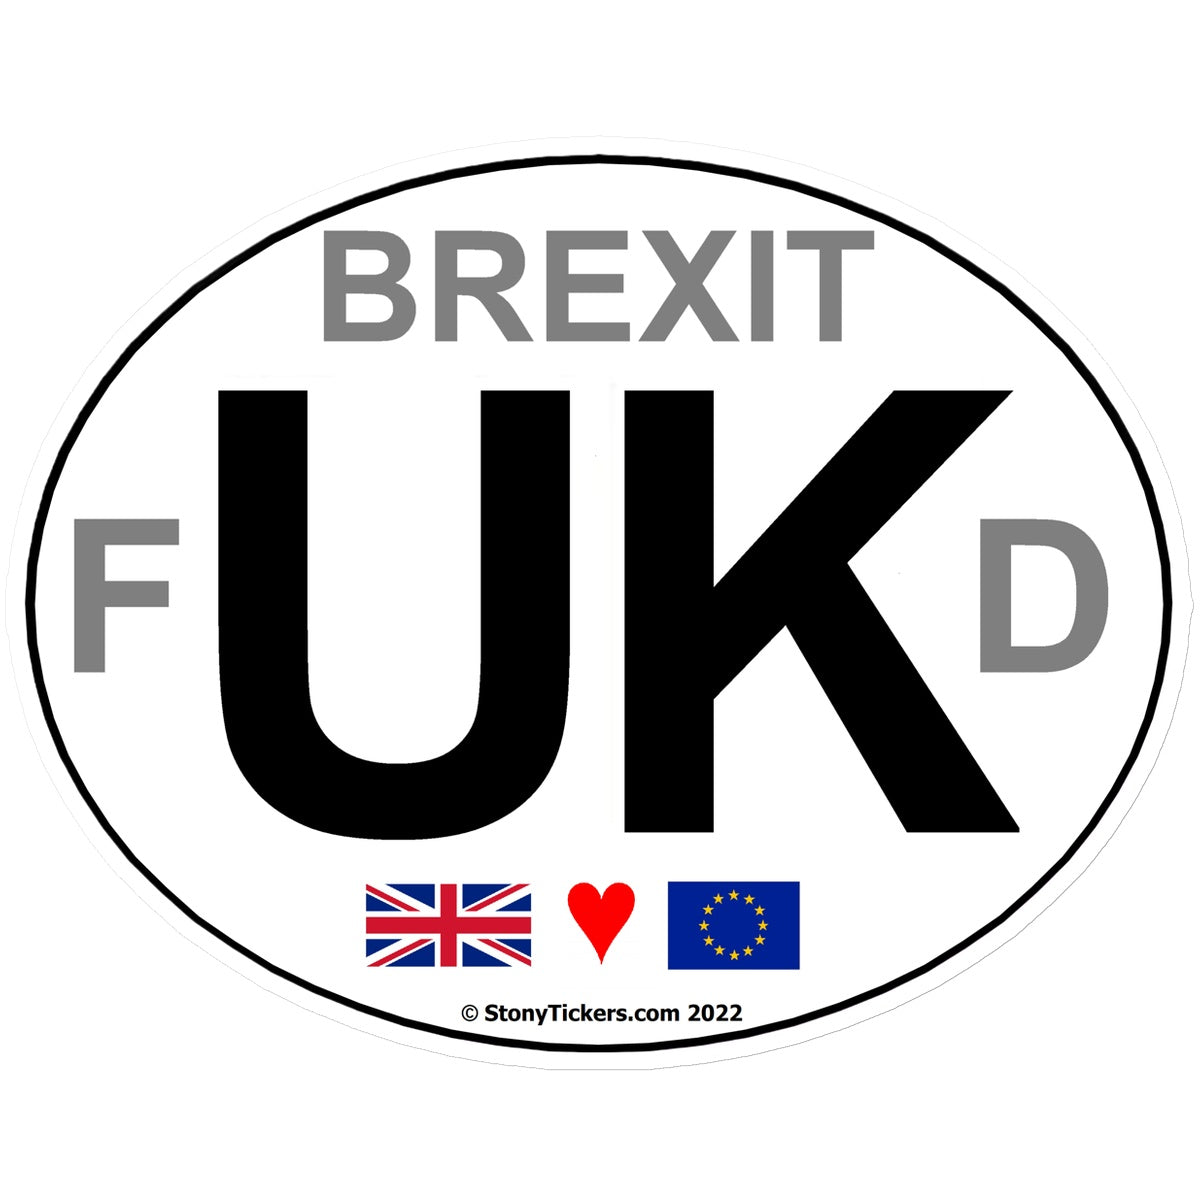 Brexit fUKd Car Sticker
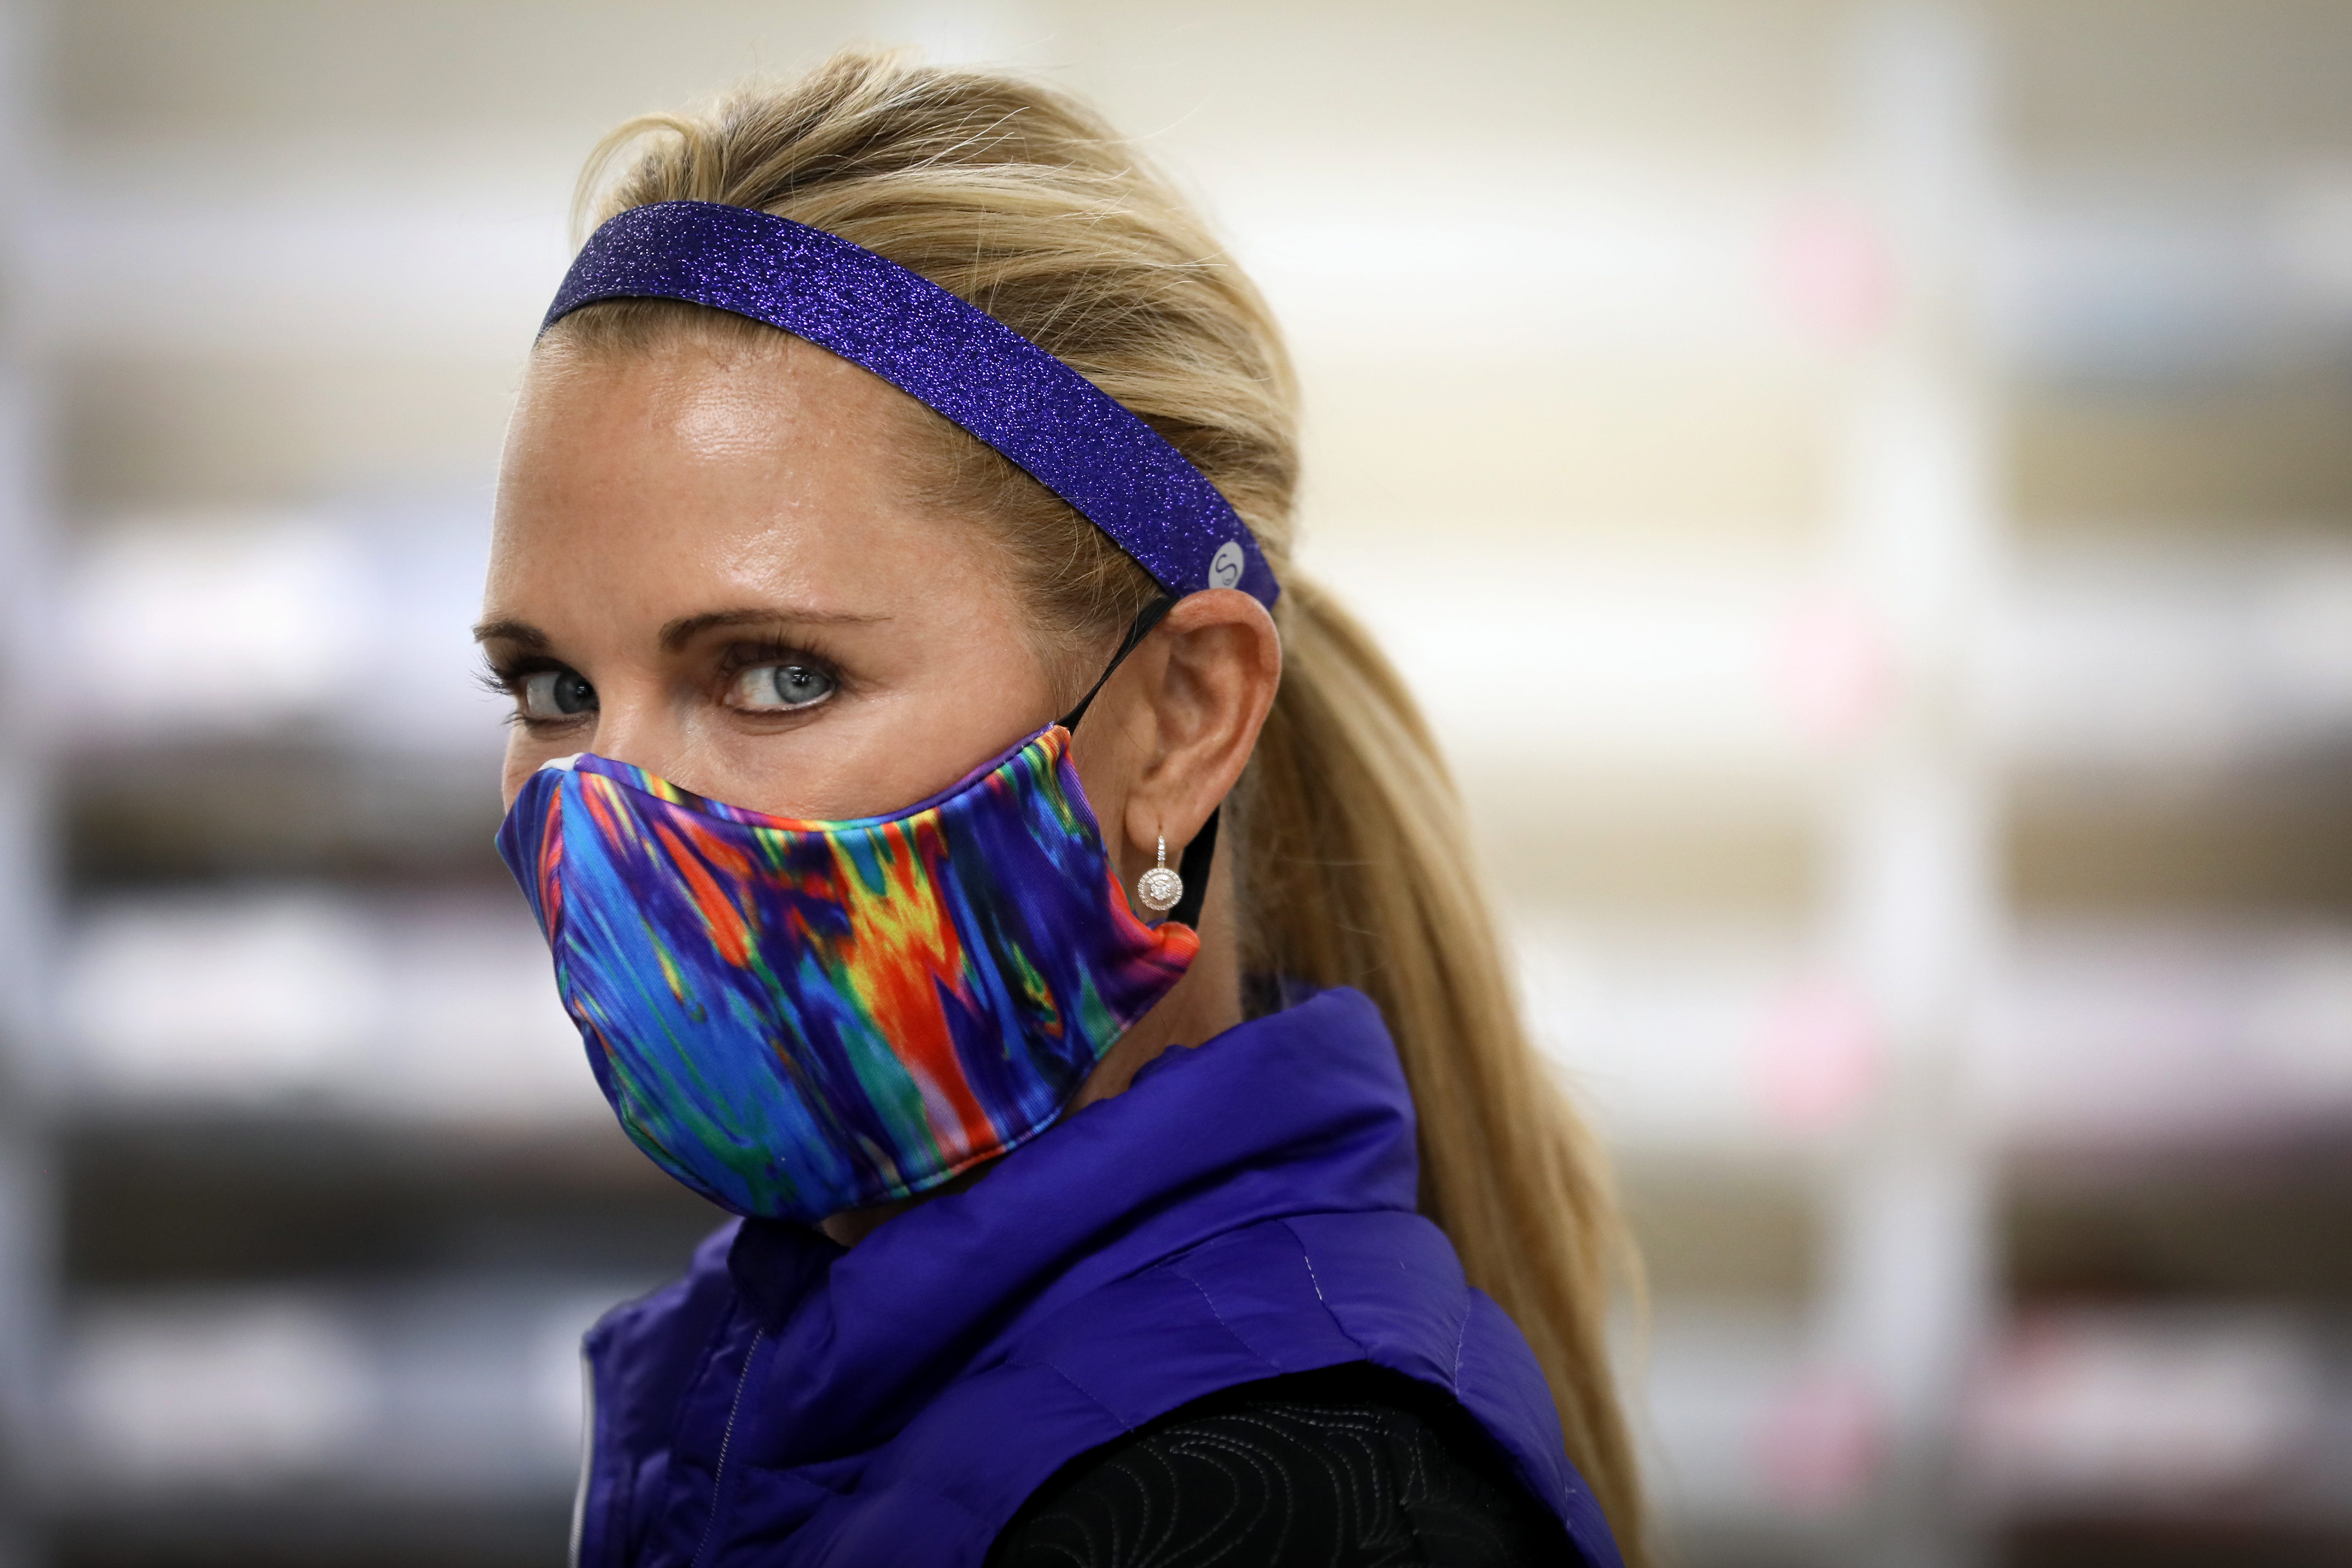 Cronavirus Prompts Sweaty Bands To Make Masks From Headband Materials
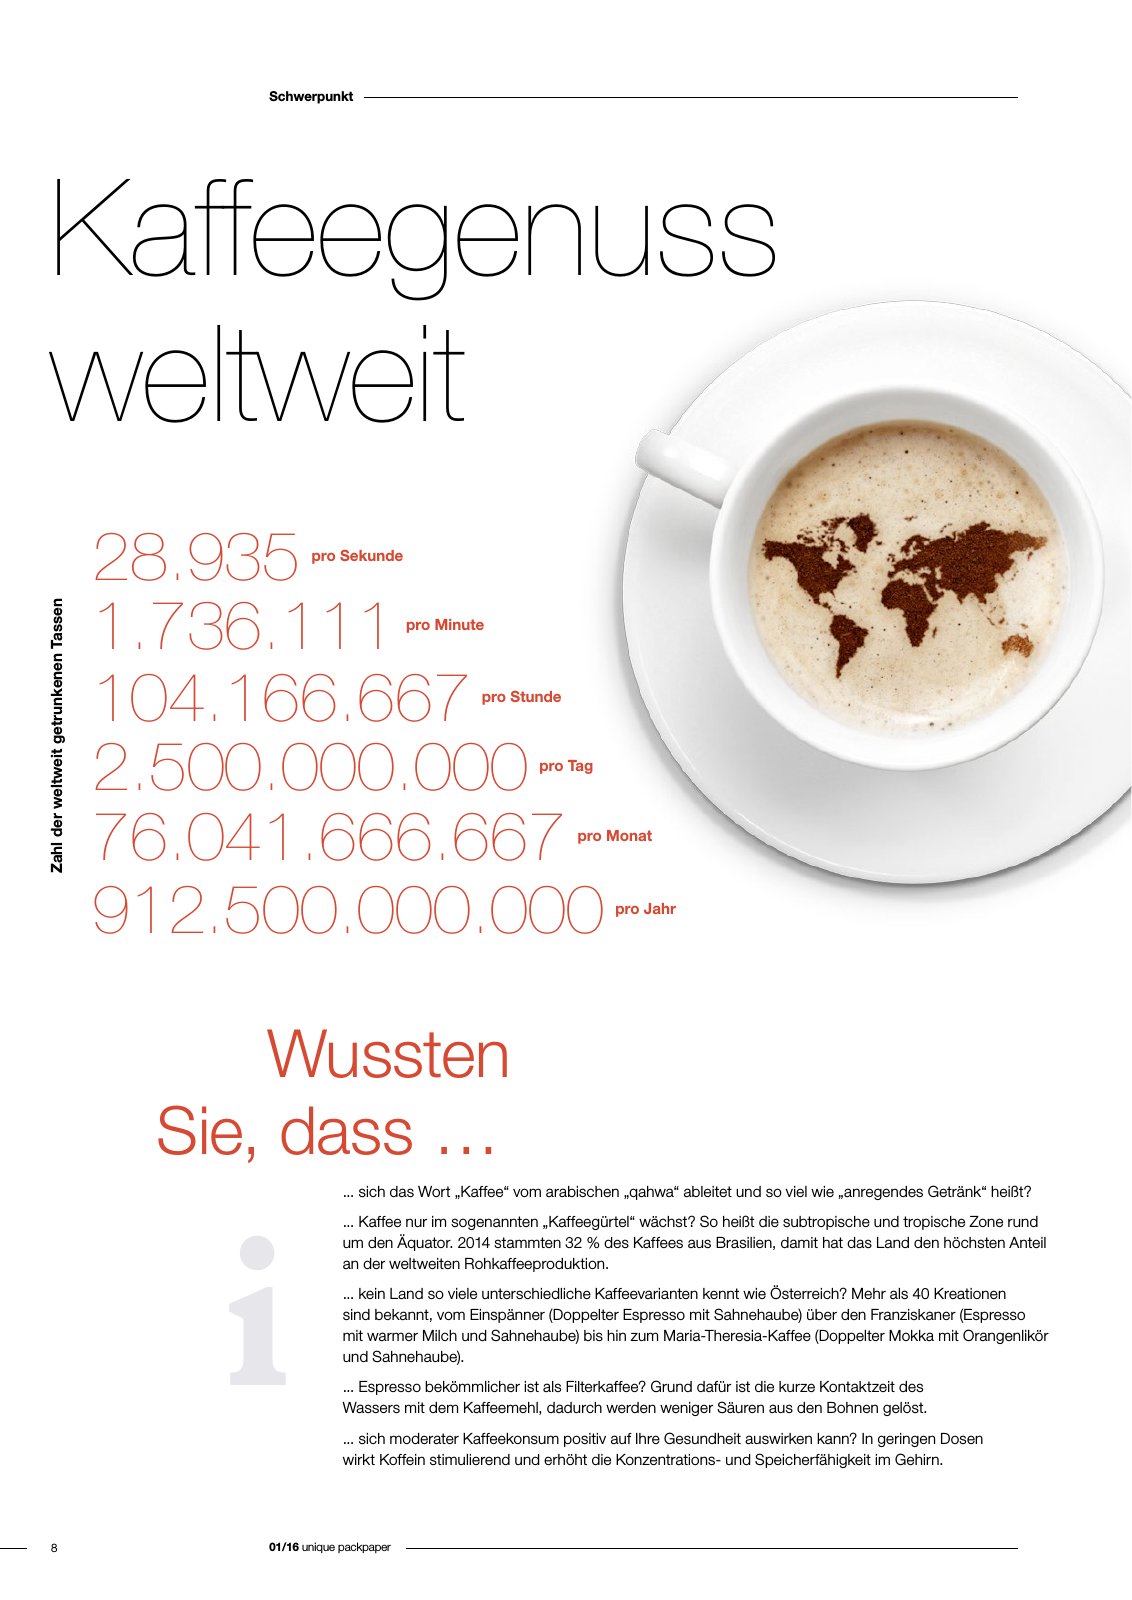 Vorschau upp 01/16 K+kavo DE Seite 8

Task item: When copying the listing, skip the pictures and keep each line exactly as written.

Task answer:
 Brexit fUKd Car Sticker
 Cronavirus Prompts Sweaty Bands To Make Masks From Headband Materials
 Vorschau upp 01/16 K+kavo DE Seite 8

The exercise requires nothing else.